The council is asking people to please keep in mind that the purpose of the restrictions is to prevent the transmission of the virus, including to those we care about – both within the area and outside it. People will need to make judgements for themselves about what is reasonable, in line with that overarching principle in order to keep themselves and their wider community safe.
A ‘reasonable excuse’ includes going to work where you cannot work from home, attending a school or college outside of the area, or undertaking a caring responsibility e.g.childcare or caring for an elderly relative, attending a medical appointment, shopping for essential items that cannot be purchased locally or ordered online or using public services that are not available locally. It also includes leaving your local area to visit family or close friends on compassionate grounds if necessary.

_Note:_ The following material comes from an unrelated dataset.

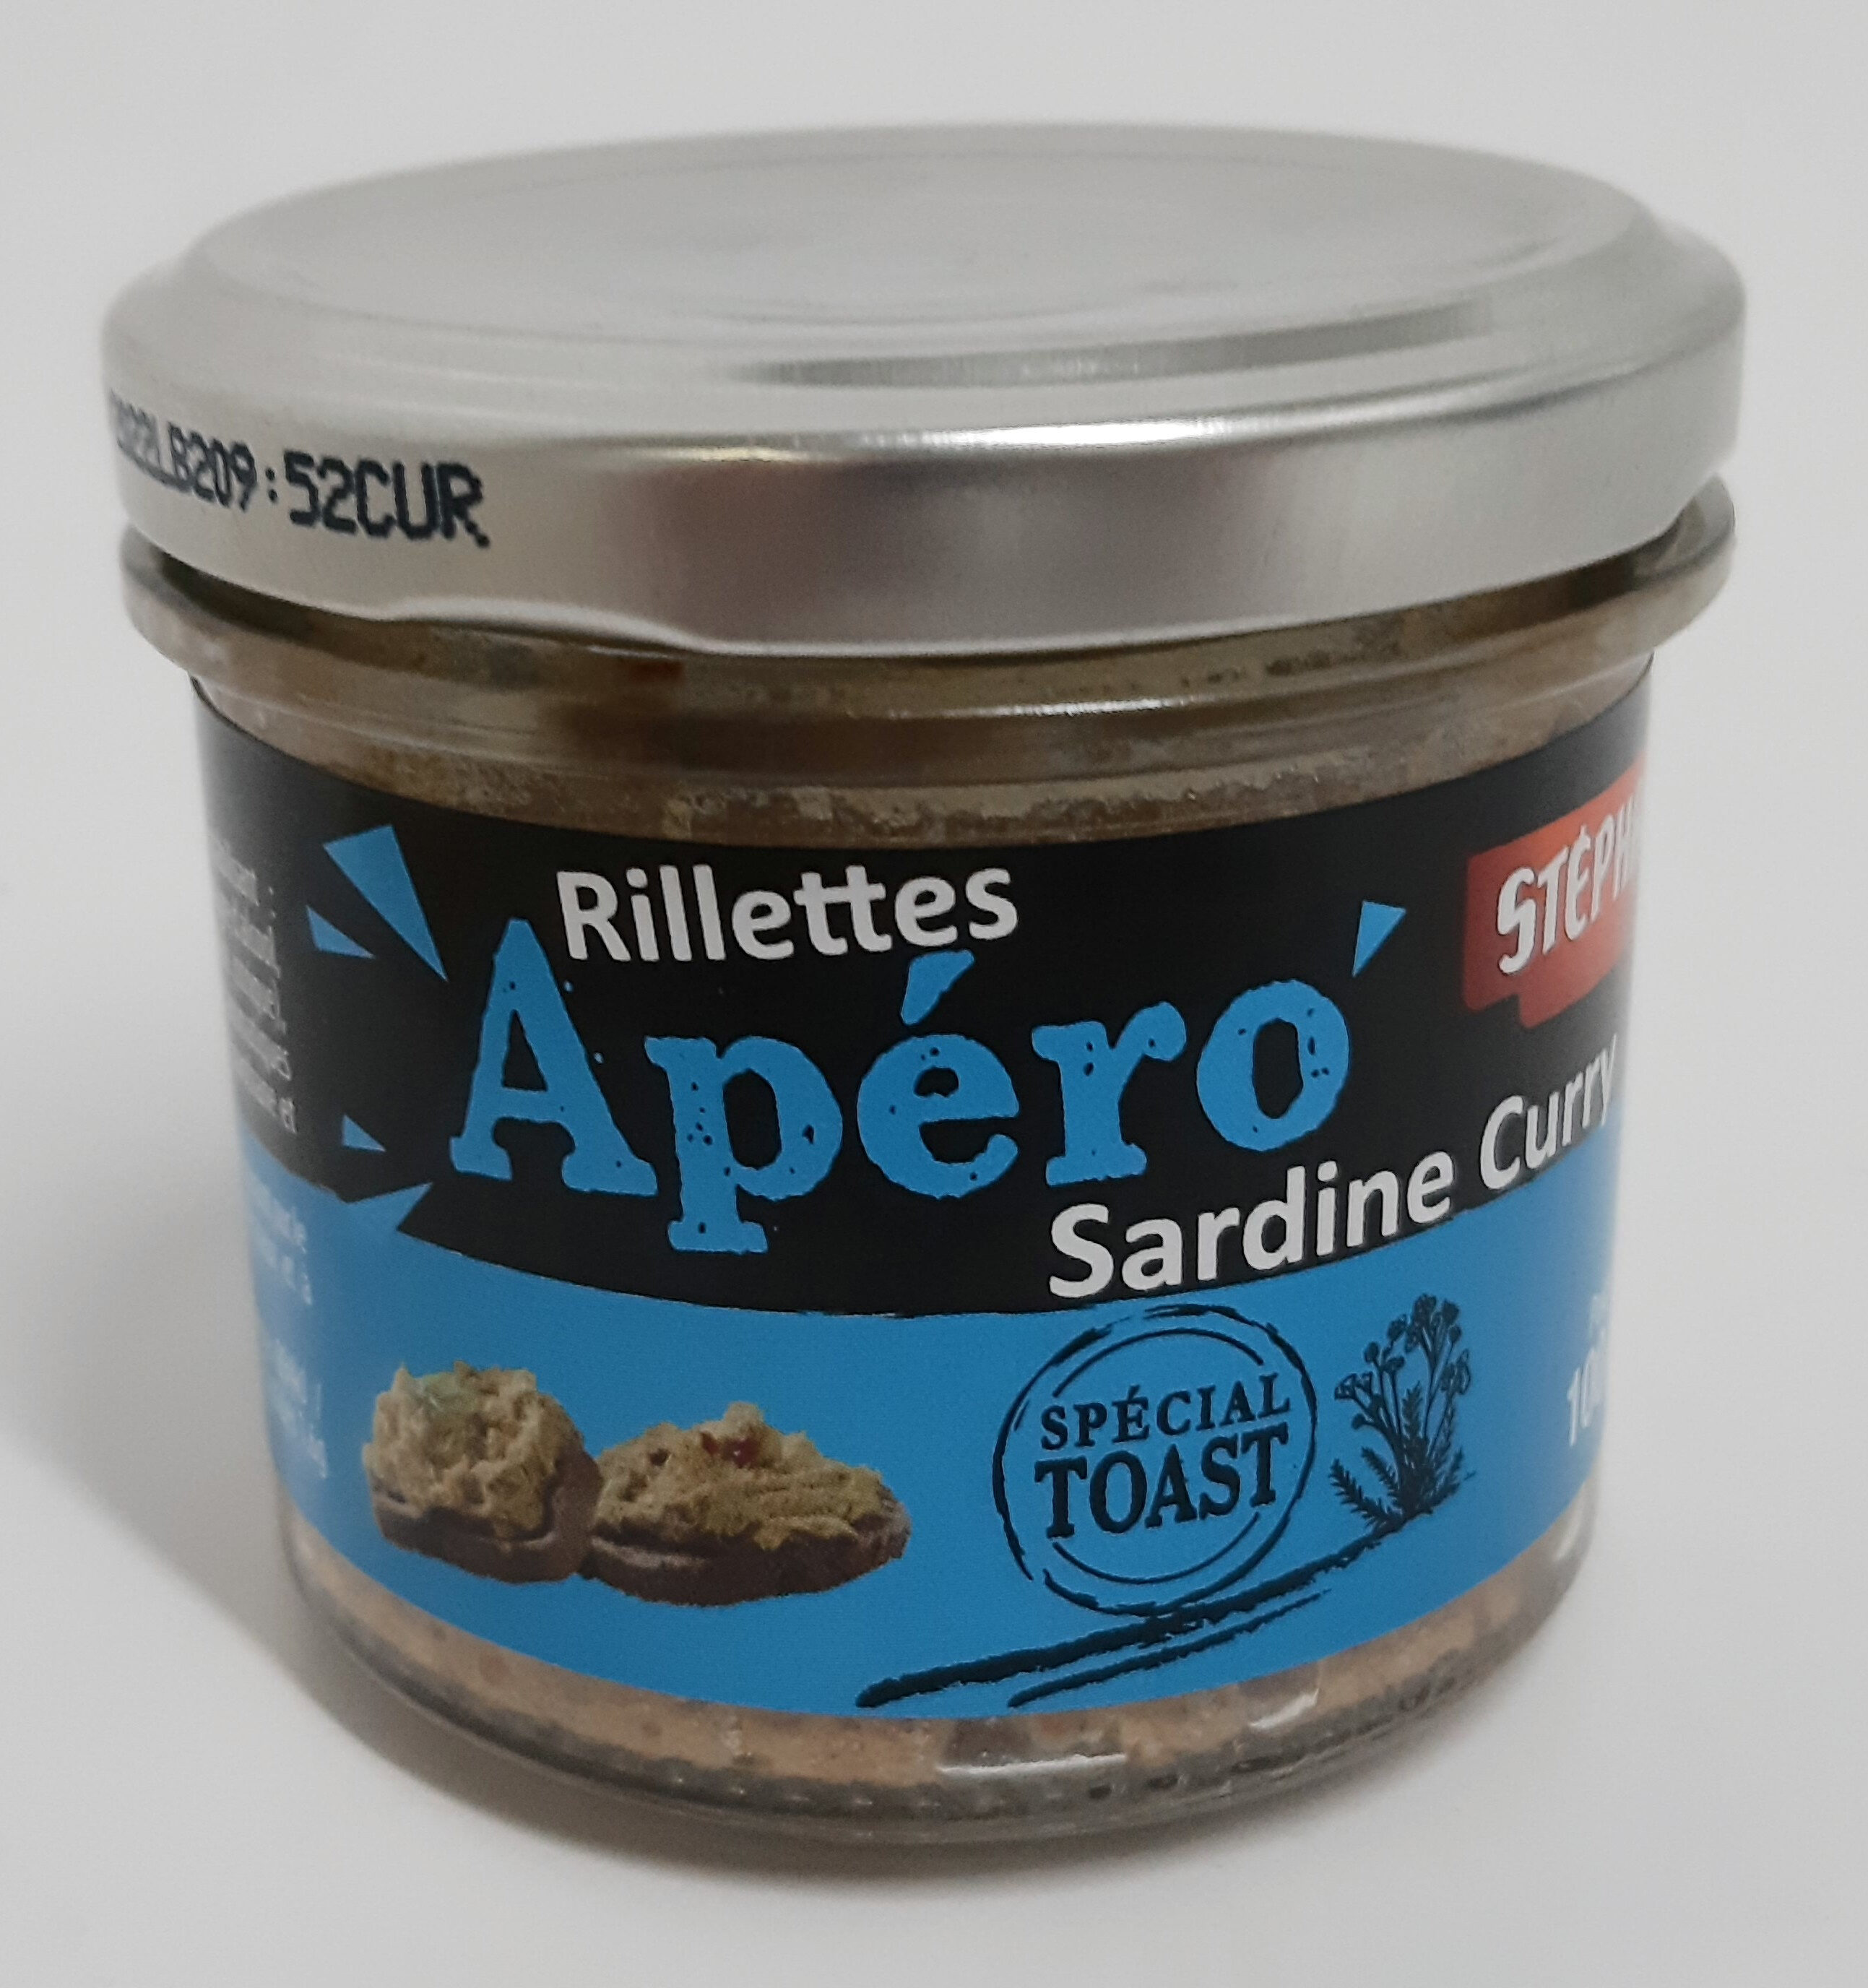 Rillettes Apero Sardine Curry - Produit - fr

But the basic message is that people should stay in their immediate area as much as possible. You do not have a reasonable excuse to leave the area to do something if you could be reasonably expected to be able to do it within the area. This also works the other way around. Those living outside the area should NOT enter the County Borough on non-essential journeys it if at all possible.
- People will only be able to meet outdoors for the time being. People will not be able to meet members of their extended household indoors or form an extended household for the time being.
- People who live in the Cardiff County Borough area MUST work from home unless it is not reasonably practicable to do so.
- Indoor public venues, such as pubs, bars, restaurants, play centres, community centres, places of worship, leisure facilities and local attractions WILL remain open but these will only be accessible to those who live within Cardiff and you should only attend with members of your immediate household (people you live with).
- Masks or three layer face coverings are now mandatory in Wales and MUST be appropriately worn in ALL indoor spaces and where social distancing can’t be maintained, unless you have a valid or medical exemption for not doing so – view Welsh Government guidelines. Residents are being to asked to volunteer to wear them in all busy outdoor public spaces – including high streets and outside school gates at pick-up and drop-off times.
- Schools, child care settings, universities and colleges WILL remain open and home to school transport WILL continue to operate in accordance with the latest Public Health Wales guidance -there’s more information available here:
- People should not visit care homes, unless it is an end of life visit where full PPE will be required.
- To reduce the likelihood of transmission from the hospitality industry, Welsh Government have already required all licensed premises to close at 10pm. This restriction includes stopping the sale of alcohol in supermarkets and off-licences after 10pm.
- In addition to the above please continue to wash your hands frequently with soap and water for 20 seconds or use hand sanitiser and maintain social distancing (2 metres).
- The Council also strongly recommends that residents avoid using public transport unless it is for an essential journey (to access education, employment, medical appointments, or to shop for basic provisions).